Everett Calhoun: How do we save Rural America?

I stand below an ancient apple tree, twisted and gnarled by time. This tree is just one in a row of apple and pear trees, long since deserted by their former owners, overlooking a remote area of Joseph Canyon in Northeastern Oregon. As I reach up and grab an apple from one of the tree’s low-hanging branches, I imagine who planted it. There was likely a homestead here, with years of neglect rotting all the buildings away to nothing. Now, the only trace of this past human inhabitation is the orchard. This story of rural abandonment is a common one in the west. The prosperity of our country was created, in part, by extractive industries which rural communities stimulated. They are a defining aspect of our nation's culture, history, and society. However, for various reasons, our country turned on many of these towns, leaving them without a future.

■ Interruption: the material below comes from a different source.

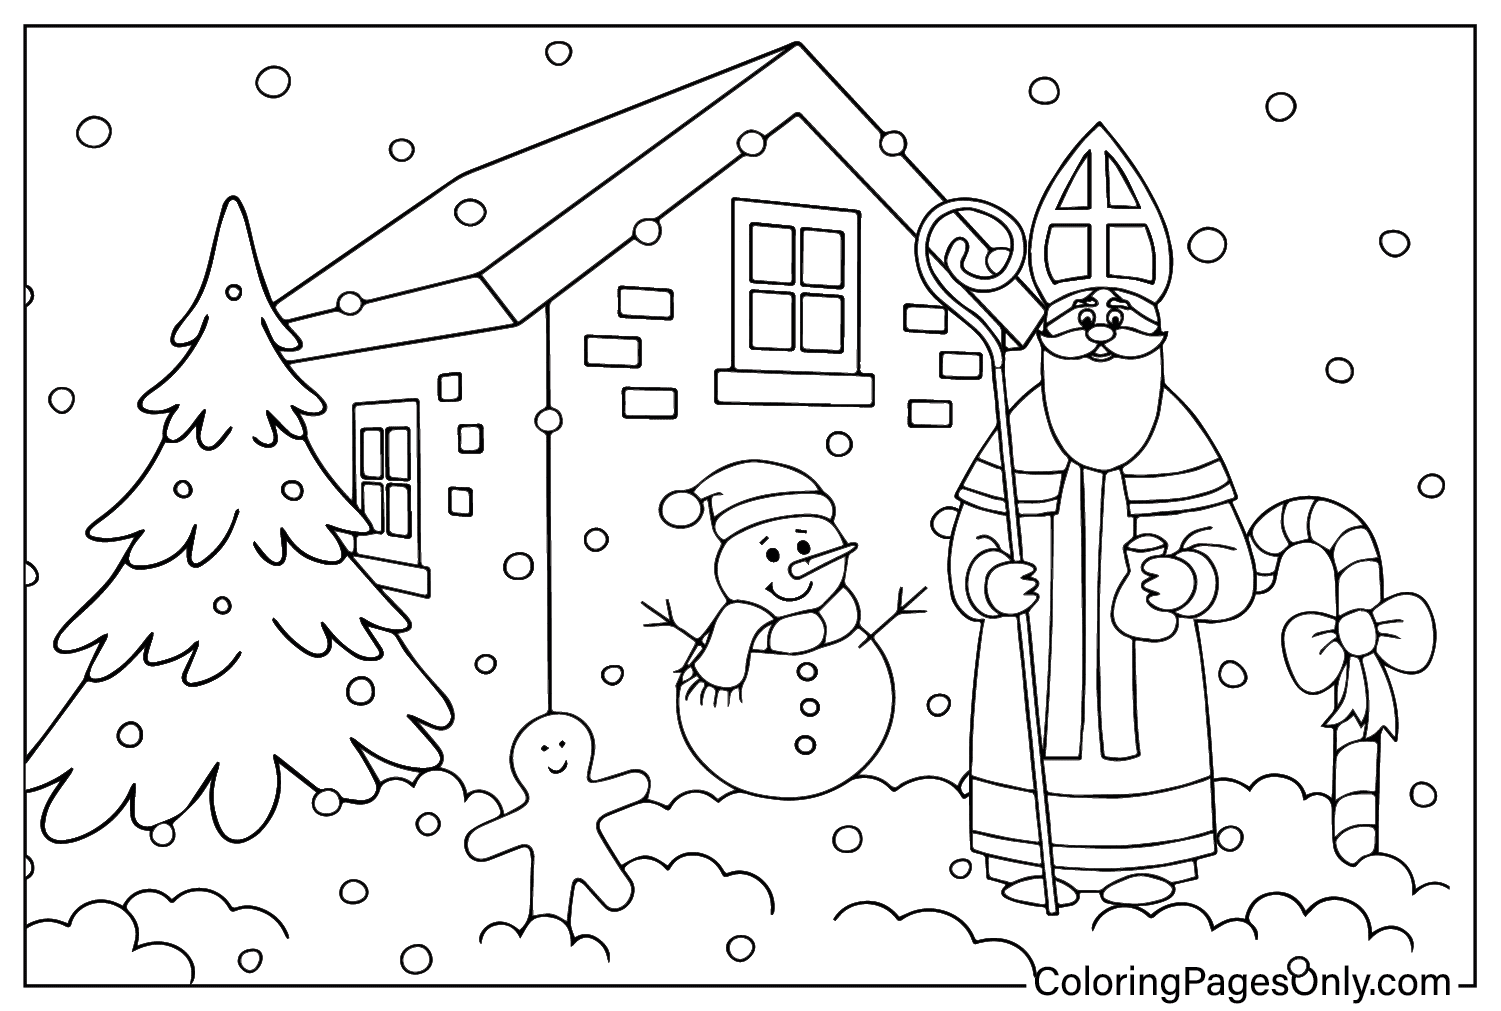 Coloriage de Saint Nicolas et bonhomme de neige de la Saint-Nicolas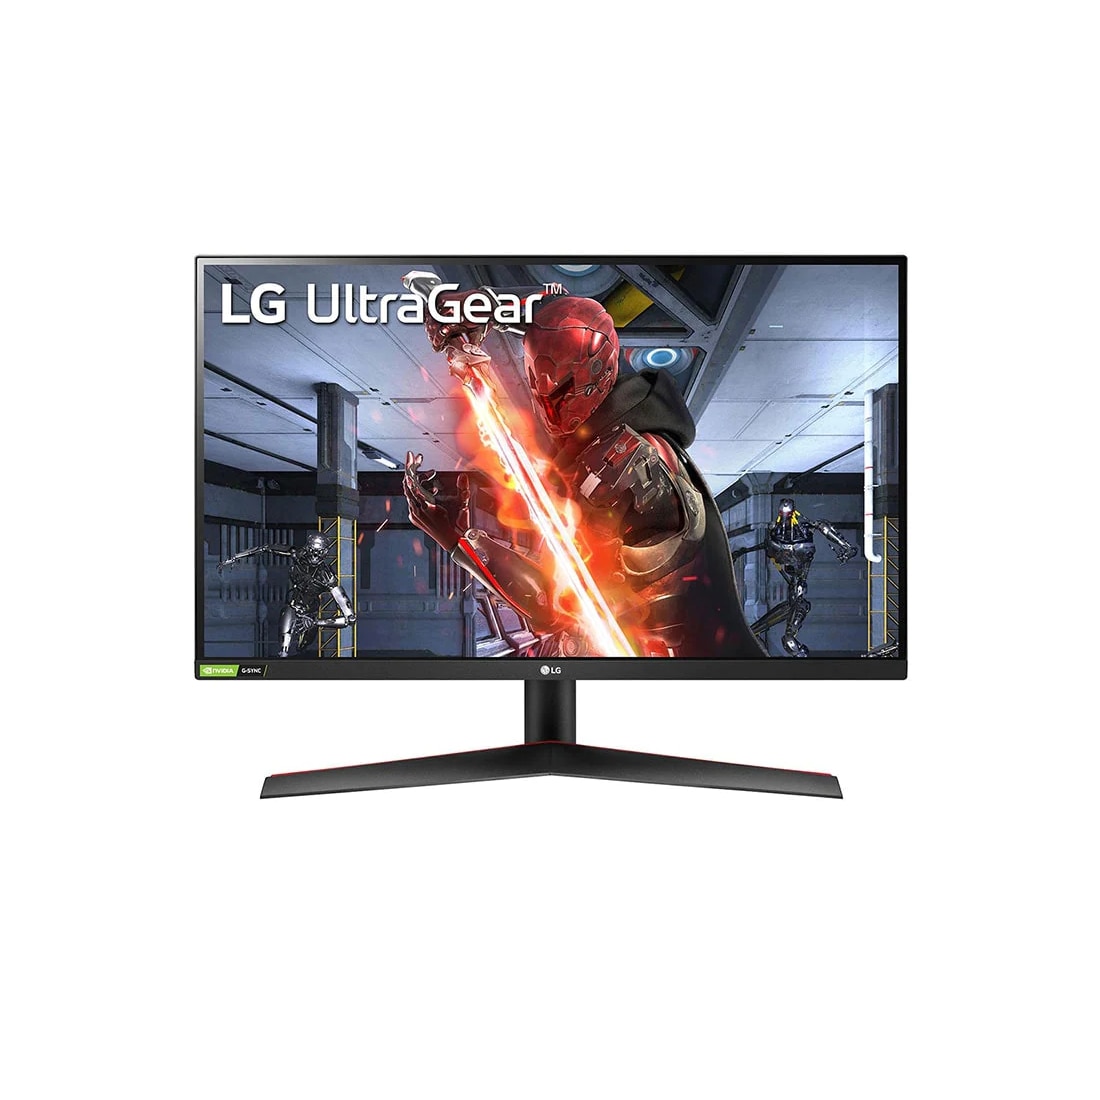 LG Full HD IPS Monitor 80 cm (31.5 Inches), 1920 x 1080, 5ms (GtG), 75Hz,  AMD FreeSync™, OnScreen Control, Reader Mode, DP, HDMI, D-Sub, Headphone

We have seen many examples of economically depressed towns during our travels, but one still bearing the scars of being left behind is Joseph, Oregon. As we walk up an old lateral moraine, once the side of a pleistocene glacier, and look down into the picturesque Wallowa Lake, Nils Christoffersen, the director of Wallowa Resources, gives us a mischievous, yet iconic, smile. For decades, Joseph was at the center of a lumber industry which felled trees from nearby national forests and processed them in one of the town’s three mills. However, a variety of federal actions which created wilderness areas and further protected salmon completely destroyed the local lumber industry. Nils explains that, because of the collapse of their economy, the county government was no longer able to fund five days of school, cutting Friday from the schedule. Essentially, the federal government decided to protect Joseph’s environment without also creating some alternative economy for the town. To Nils, Joseph’s economic decline is only reversible if we, “quit raising money purely for protecting things.” Nils argues that the future of Joseph lies in a stewardship economy; one based on creating family-paying jobs which support ecosystems through actions like fire management, selective harvesting, and alternative grazing methods.

Preservation without consideration for its economic consequences is not the only way our society has sacrificed rural communities. Driving along the eastern side of the Sierra Nevada in California, the sheer slopes of the mountains, recently colored by a fine coating of early fall snow, extend for hundreds of miles across the skyline. This snowpack will ultimately drop massive amounts of water thousands of feet into the bottoms of arid valleys. Owens Lake, one of the many saline lakes formed at the base of these mountains, harbored a diverse ecosystem and several small towns. However, in 1913, the Los Angeles Department of Water and Power (LADWP) began diverting the rivers in the valley southward to facilitate the growth of LA, causing the lake to totally dry up. Walking along the exposed lakebed is similar to wandering an alien landscape. The endless scene of white, salt-filled dust is only punctuated by signs of humanity’s efforts to deal with this environmental catastrophe. When windy, dust would kick up from the lakebed, spreading like poison across the valley and creating the single greatest source of particulate air pollution in North America. This dust caused wheezing, coughing, asthma, sore throats, and long-term carcinogenic effects to the residents of nearby towns like Lone Pine. In 2000, a lawsuit forced Los Angeles to deal with the air pollution they had inadvertently caused through a variety of different strategies, including covering the lakebed in gravel, planting and managing saltwater crops, and flooding periodically. This mitigation has been able to reduce regional air pollution, preventing the ghost of the lake from continuing to haunt Lone Pine. 

Rural towns have the right to exist. Furthermore, they have the right to access adequate education, quality health services, and reliable infrastructure. When we as a nation decided to eliminate rural job opportunities for the sake of environmental protection or cause substantial health issues within rural communities for the sake of a city’s water supply, we eliminated those rights. Our society has sent a message to communities like Lone Pine and Joseph that they are not worth saving, that they do not deserve to endure. We need to protect endangered species, and Los Angeles needs water, but with our help that doesn’t have to mean the destruction of these towns. Reflecting on my hour next to those long-forgotten apple trees on the ridge along Joseph Canyon, my curiosity about their origin turns to alarm. We as a nation have to begin considering rural communities; we have to start thinking about solutions for the problems they face like Nils Christofferson does, and we have to enact those solutions like in Owens Lake. If not, all of rural America will end up like that orchard—abandoned settlements hinting at a past long since forgotten.